28 May 2008

Paris, Part Two

I spent most of Sunday sightseeing, choosing to focus on three main sites rather than rush through more just to say I’d been there. I arrived at the Notre Dame quite early, with the city still sleepy and quiet, at least as far as cities go.
The west facade and entrace of Notre Dame Cathedral.
The cathedral imposes over its own square, its dual towers rising solidly next to the river. After entering the building, I had to pause as my eyes adjusted to the heavy Gothic lighting before continuing into the church, trying to be unobtrusive since the Sunday mass had just begun.
View of the nave.

It is an experience beyond belief to be standing in the nave of Notre Dame as the kyrie is sung and echoes off the stone of the piers and arches.
Northern side aisle.

Rib vaults!

The cathedral is filled with beautiful stained glass, much of it replicas of earlier originals, and interesting chapels which line the side aisles of the nave.
View from the northern side aisle into the nave.

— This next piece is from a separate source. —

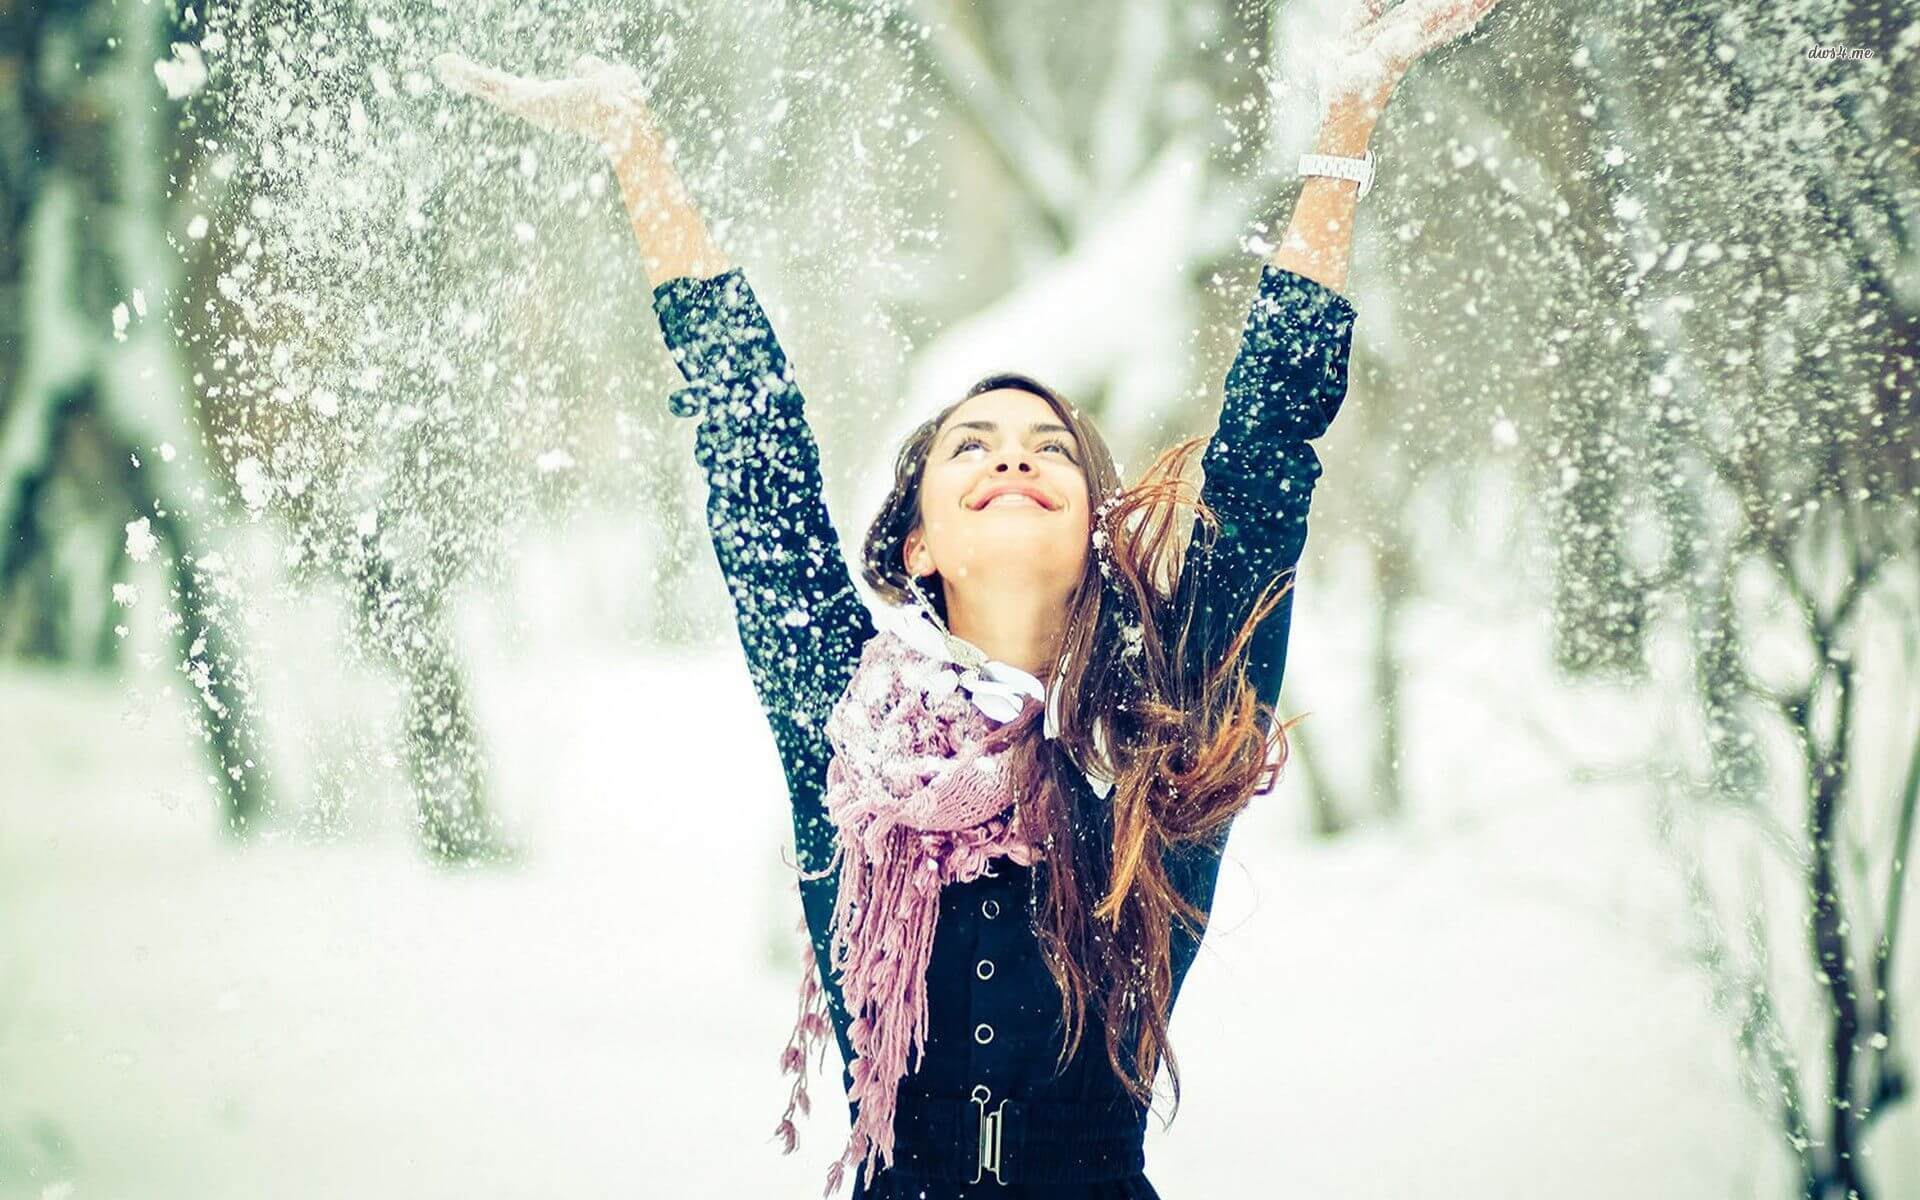 آیا به دنبال خوشبختی و افزایش شادی خود در کمترین زمان هستید؟

View of the ambulatory with numerous chapels.

The main rose window is beautiful, and joined by two additional rose windows at the end of each wing of the transept.
The iconic rose window.

The combination of the darkness of the interior with the glow of the chandeliers and candles and the colored light of the windows is sublime.

Gothic style statues of saints next to the main entrance of the cathedral.


My visit to the church came to a close as more tourists filled up the space and I exited the nave, heading across the Ile-de-la-Cité to the Sainte-Chapelle, the royal chapel built by Louis IX in the mid-thirteenth century in the Gothic style within the space of six years and at enormous cost.

Exterior of the Sainte-Chapelle.

I was fortunate to arrive shortly before the building opened, affording me a relatively calm view of the chapel’s spectacular interior. I decided to take in the Upper Chapel first, so I climbed the short flight of spiral stone stairs and emerged into a spectacular space with slender Gothic arches framing soaringly high stained glass windows. Upon entering the space, I felt as if I had entered a completely different world (the intended effect, I suppose), a stone and glass globe encapsulating an ethereal space. Light flooded this miniature recreation of heaven. To describe the chapel as spectacular grossly under represents it. The experience of entering and viewing the space somehow profoundly changes you as a viewer. The thought that the chapel was built in honor of God, and the foundation of faith required for such a commitment to me is intense and moving. I think the Sainte-Chapelle is one of those few places which cannot be described by words or pictures as both of these remove the element of experience. My description and these pictures are nothing more than a taste of the real thing.
The ceiling in the Upper Chapel is quite high, with narrow, Gothic windows running nearly from the floor to the ceiling and filled with colored glass, original to the building which miraculously survived the royal iconoclasm of the French Revolution.

Interior of the Upper Chapel - breathtaking.

The light projected into the chapel through the windows glows with color, illuminating the space in deep blues, purples, and reds.

Apsidal ending of the Upper Chapel.

The height of the windows draws the eye up to the ceiling, spectacularly painted with a deep, bright blue and covered with gold stars. In the few feet below the windows, gilded ornamental Gothic columns and arches decorate the walls against a backdrop of blue and red. At the rear of the chapel, a rose window filled with more glass punctuates the room, below which a vibrantly painted and richly gilded painting depicts Christ enthroned.

Rear of the Upper Chapel.

Descending to the Lower Chapel, which lacks the iconic windows of the space above it, the richness of the wall and ceiling decorations becomes more striking.

Ribbed vaults with painted ceiling decoration and gilding in the Lower Chapel.

This part of the building is defined by graceful vaulting, with columns painted in rich red and green, overlaid with gold castles and fleur d’lis. Like the Upper Chapel, the ceiling of the lower space approximates an exaggerated night sky, this time more pertinent to the viewer because the height difference has been reduced. The combined effect of the two spaces is overwhelming and inspiring.